VICE-PRESIDENT Emmerson Mnangagwa has denied accusations he played an active role in the Gukurahundi massacres, which reportedly claimed over 20 000 lives in Matabeleland and Midlands regions in the 1980s.

Speaking in a recent interview with United Kingdom-based magazine New States Man, Mnangagwa said reports linking him to the atrocities were being peddled by his political foes to soil his image.

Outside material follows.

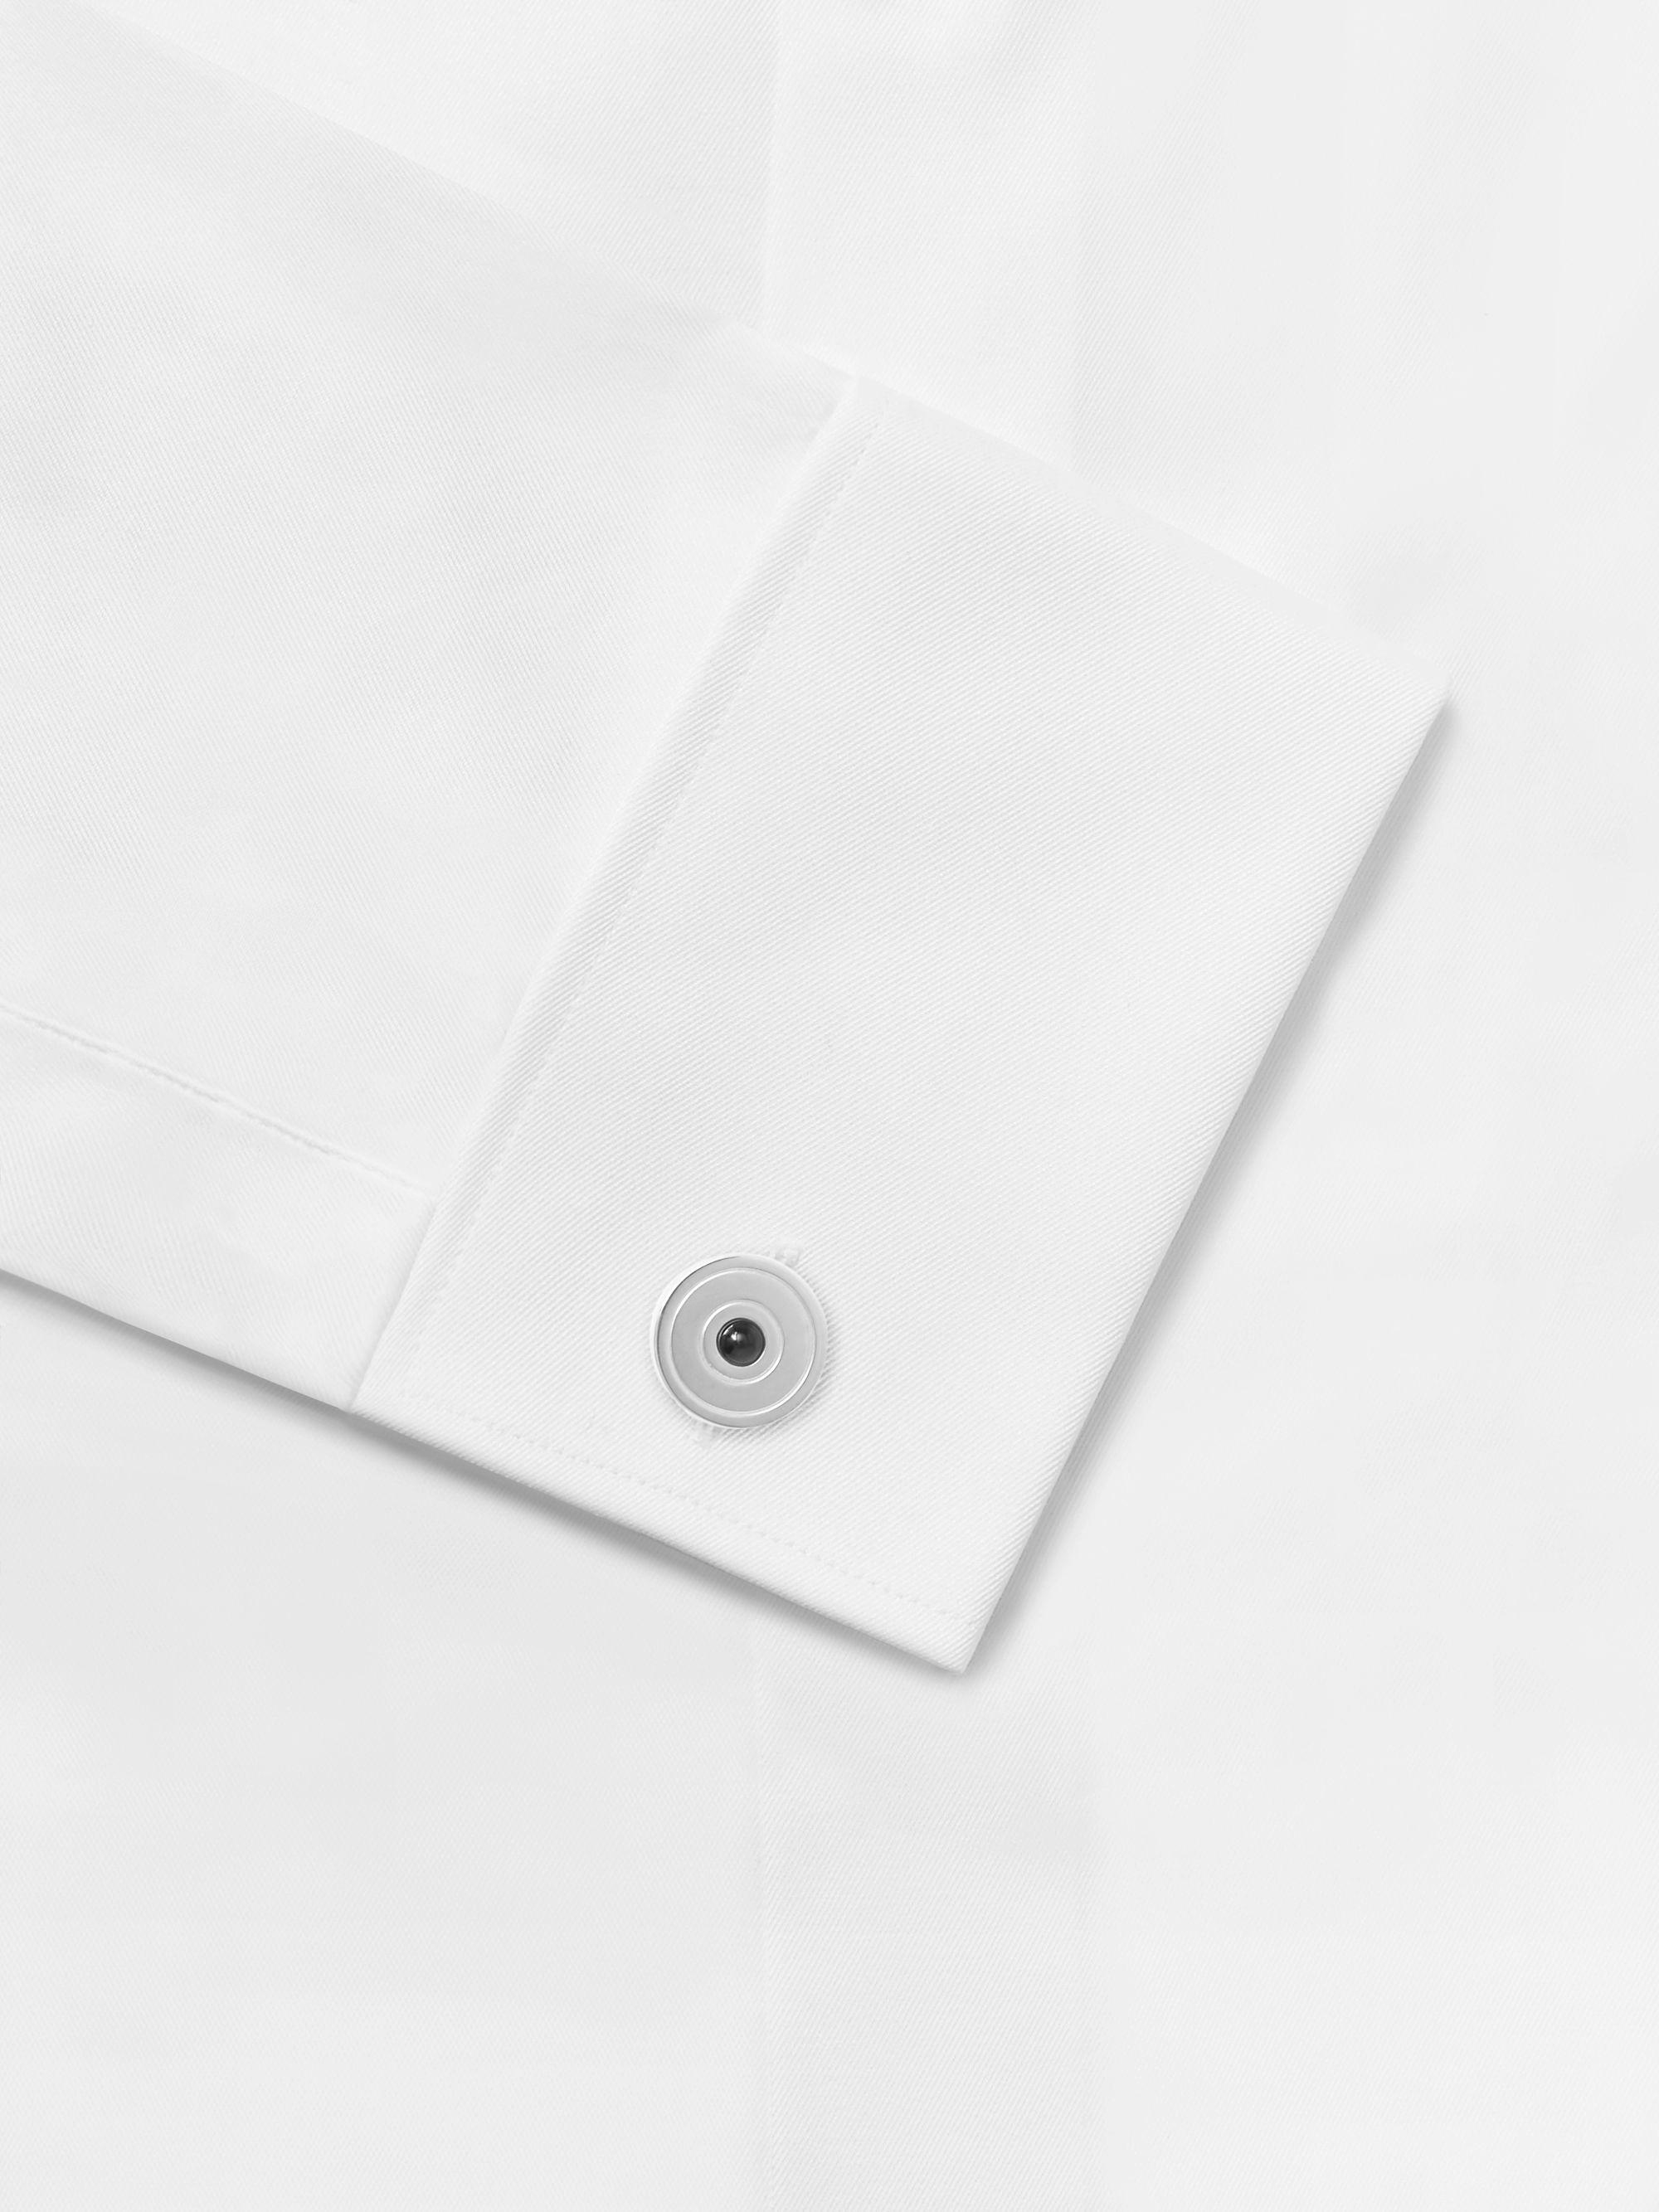 Silver Rhodium-plated Onyx Cufflinks | Lanvin

Mnangagwa, who at the time was State Security minister, seemed to pass the buck to President Robert Mugabe, then Defence minister Sydney Sekeramayi and army commanders for the massacres, which were perpetrated by a North Korean-trained army unit, the Fifth Brigade.

“How do I become the enforcer during Gukurahundi? We had the President, the Minister of Defence, commander of the army and I was none of that. My own enemies attack me left and right and that is what you are buying,” he is quoted as having said.

The late General Solomon Mujuru was army commander, while current Airforce of Zimbabwe Commander, Perrance Shiri was Fifth Brigade commander.

Mnangagwa was the State Security minister then and is often regarded as the face of the massacres.

A recent book by former Education minister, David Coltart also reveals the extent of Mnangagwa’s involvement and alleged hate speech utterances.

In the interview, Mnangagwa also denied leading the Team Lacoste faction or harbouring ambitions to succeed Mugabe.

“I don’t see myself doing that … I was not serving to be President. I was serving my country,” he said.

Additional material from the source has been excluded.